Basically I'm trying to pass a URL like this:
www.foobar.com/?first=1&second=12&third=5
into a URL like this:
http://www.facebook.com/sharer.php?&t=FOOBAR&u=http://www.foobar.com/first=12&sec=25&position=2
It only recognizes the first parameter. I'm having the same problem with LinkedIn and Twitter sharing, so it must be something I'm doing wrong.
Rather than html encoding your URL parameter, you need to URL encode it:
http://www.facebook.com/sharer.php?&t=FOOBAR&u=http%3A%2F%2Fwww.foobar.com%2F%3Ffirst%3D12%26sec%3D25%26position%3D
You can do this easily in most languages - in javascript:
var encodedParam = encodeURIComponent('www.foobar.com/?first=1&second=12&third=5');
// encodedParam = 'http%3A%2F%2Fwww.foobar.com%2F%3Ffirst%3D12%26sec%3D25%26position%3D'
(there are equivalent methods in other languages too)
You are missing the ? in the second URL (Also, it should be URL-encoded to be %3F).
Also, I believe that the remaining & need to be URL, not HTML-encoded. Change &second=12&third=5 to %26second=12%26third=5 and everything should just work.
This:
&u=http://www.foobar.com/first=12&sec=25&position=2
should be:
&u=http://www.foobar.com/%3Ffirst=12%26sec=25%26position=2
In jQuery, you can use:
let myObject = {first:1, second:12, third:5};
jQuery.param(myObject);
Doc: http://api.jquery.com/jquery.param/ The output: first=1&second=12&third=5 This will format it, whatever your object contain.
In your example parts of your passed-in URL are not URL encoded (for example the colon should be %3A, the forward slashes should be %2F). It looks like you have encoded the parameters to your parameter URL, but not the parameter URL itself. Try encoding it as well. You can use encodeURIComponent.
I see you're having issues with the social share links. I had a similar issue at some point and found this question, but I don't see a complete answer for it. I hope my javascript resolution from below will help:
I had default sharing links that needed to be modified so that the URL that's being shared will have additional UTM parameters concatenated.

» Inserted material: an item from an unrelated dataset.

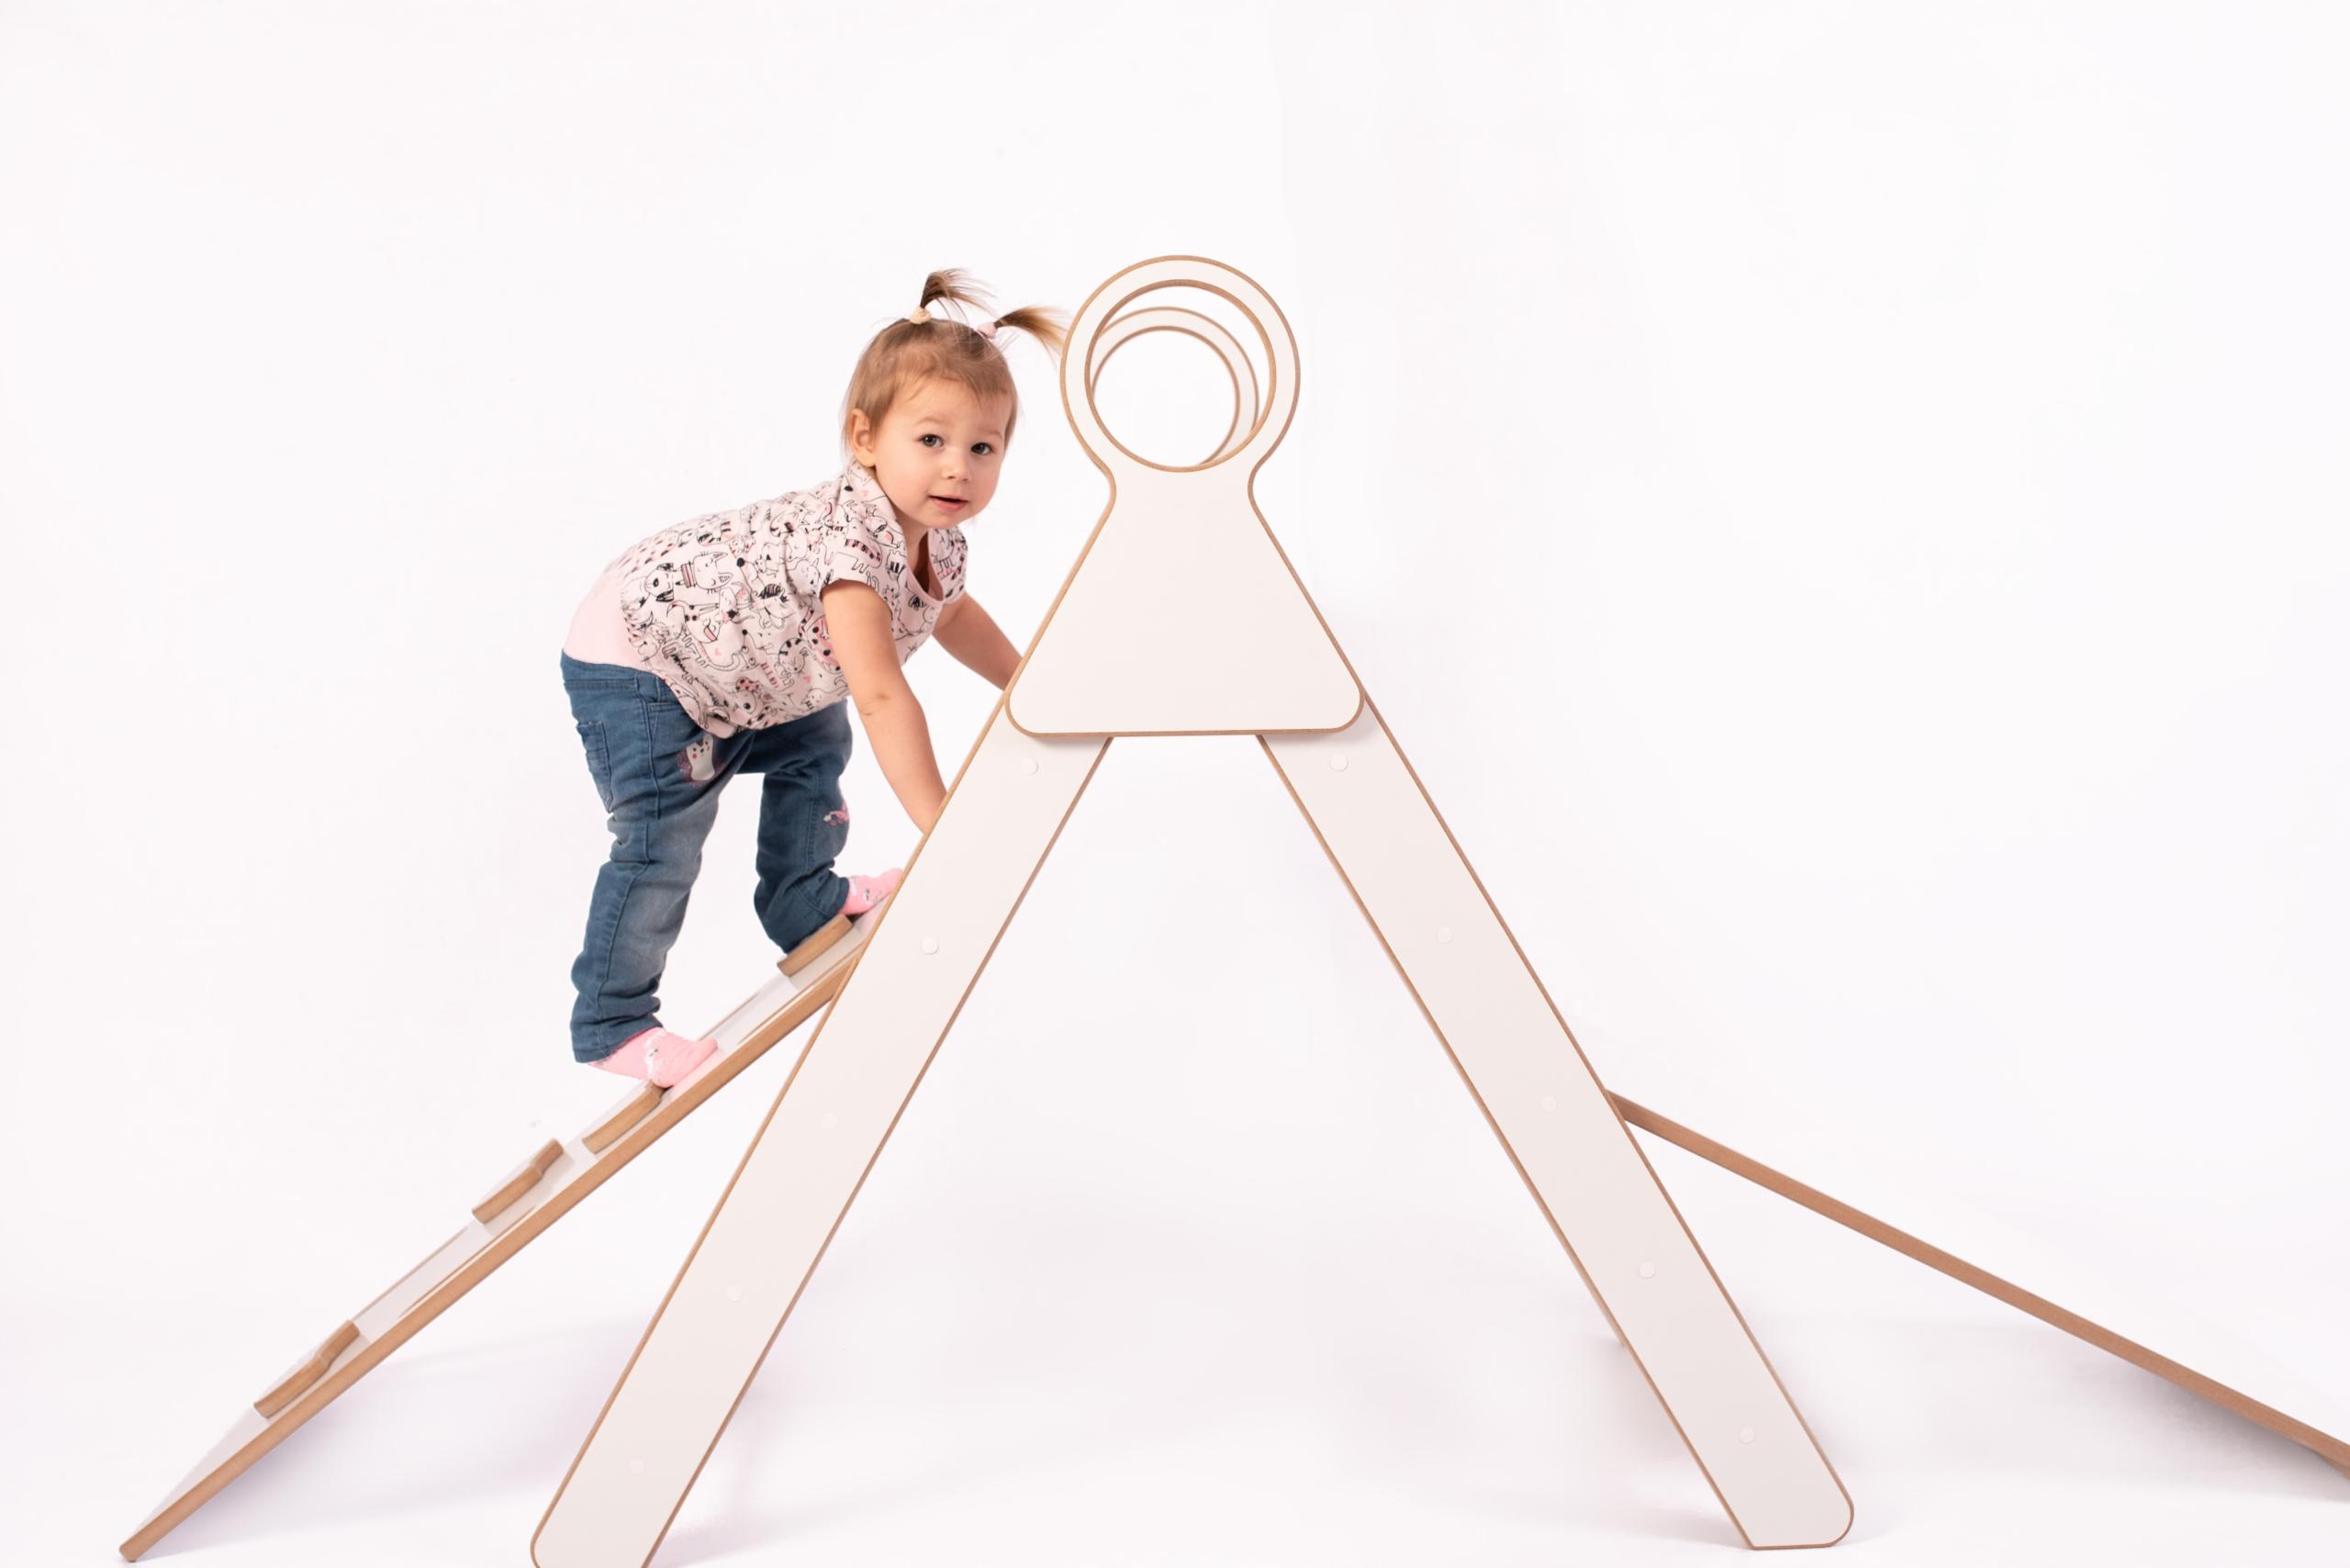 Лестница для подъема - пиклер - треугольник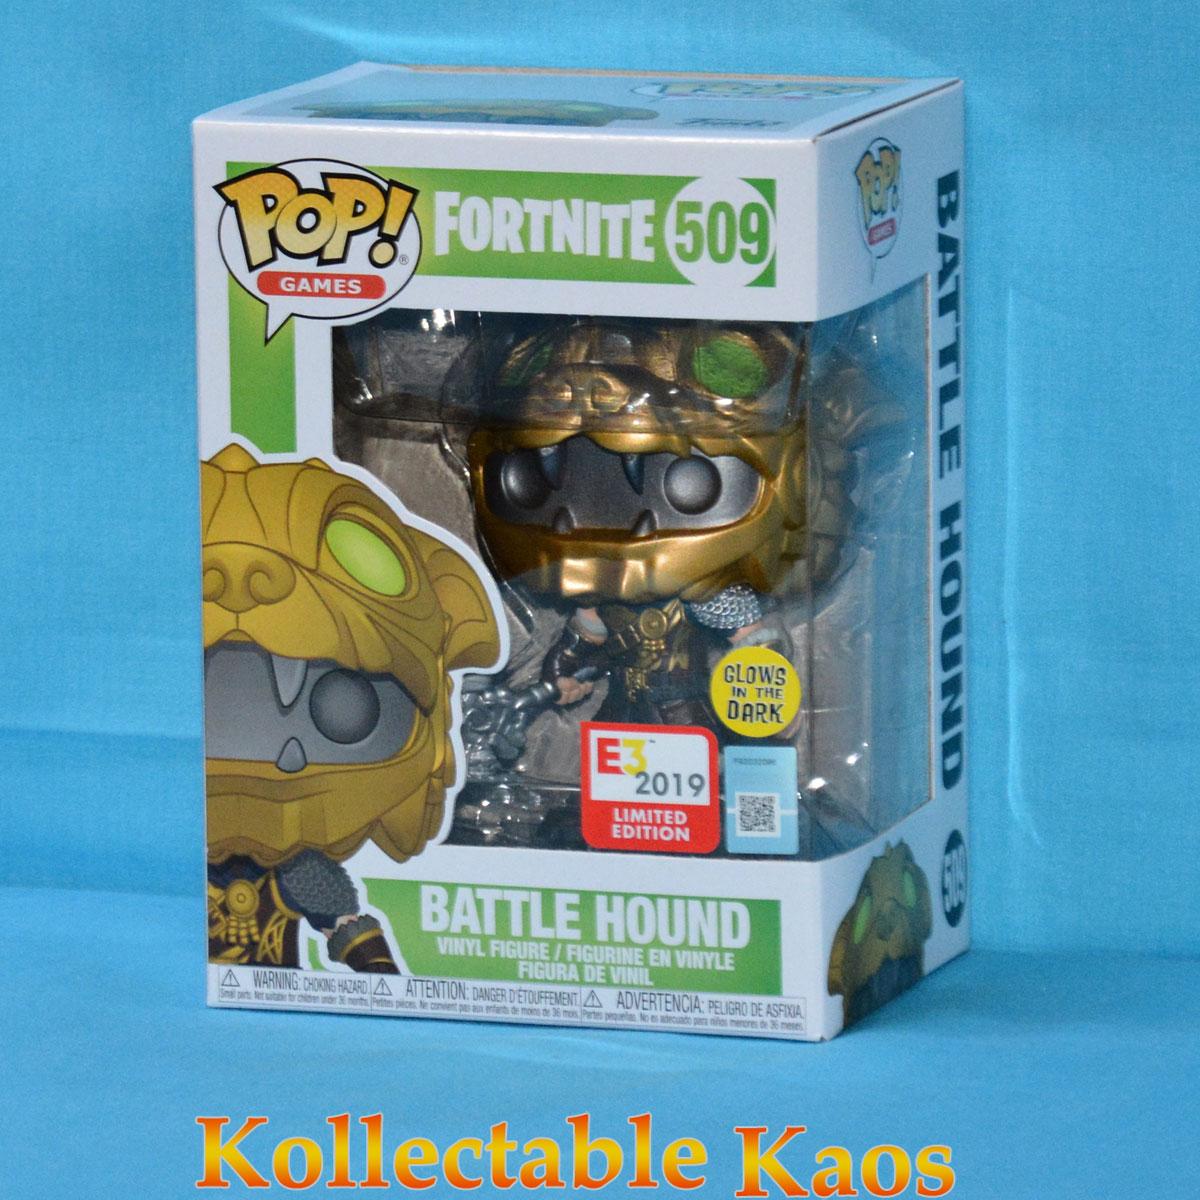 Fortnite 2019 E3 Convention Exclusive Battle Hound #509 Funko Pop

My example will be for the Facebook social share link, but it works for all the possible social sharing network links:
The URL that needed to be shared was:
https://mywebsitesite.com/blog/post-name
The default sharing link looked like:
$facebook_default = "https://www.facebook.com/sharer.php?u=https%3A%2F%2mywebsitesite.com%2Fblog%2Fpost-name%2F&t=hello"
I first DECODED it:
console.log( decodeURIComponent($facebook_default) );
=>
https://www.facebook.com/sharer.php?u=https://mywebsitesite.com/blog/post-name/&t=hello
Then I replaced the URL with the encoded new URL (with the UTM parameters concatenated):
console.log( decodeURIComponent($facebook_default).replace( window.location.href, encodeURIComponent(window.location.href+'?utm_medium=social&utm_source=facebook')) );
=>
https://www.facebook.com/sharer.php?u=https%3A%2F%mywebsitesite.com%2Fblog%2Fpost-name%2F%3Futm_medium%3Dsocial%26utm_source%3Dfacebook&t=2018
That's it!
Complete solution:
$facebook_default = $('a.facebook_default_link').attr('href');
$('a.facebook_default_link').attr( 'href', decodeURIComponent($facebook_default).replace( window.location.href, encodeURIComponent(window.location.href+'?utm_medium=social&utm_source=facebook')) );
Build URL passing search parameters in JavaScript
Construct URL without parameters
const apiEndPoint = new URL('https://geocode.maps.co/reverse);
Organise parameters in object form
const parameters = {
lat: 52.508,
lon: 13.381
}
Construct search parameters from object
const searchParams = new URLSearchParams(parameters)
Add search parameters to URL
apiEndPoint.search = searchParams
Final URL
const finalURL = apiEndPoint.toString()
Print completed URL on console
console.log(finalURL)
You have to escape the & character. Turn your
&
into
&
and you should be good.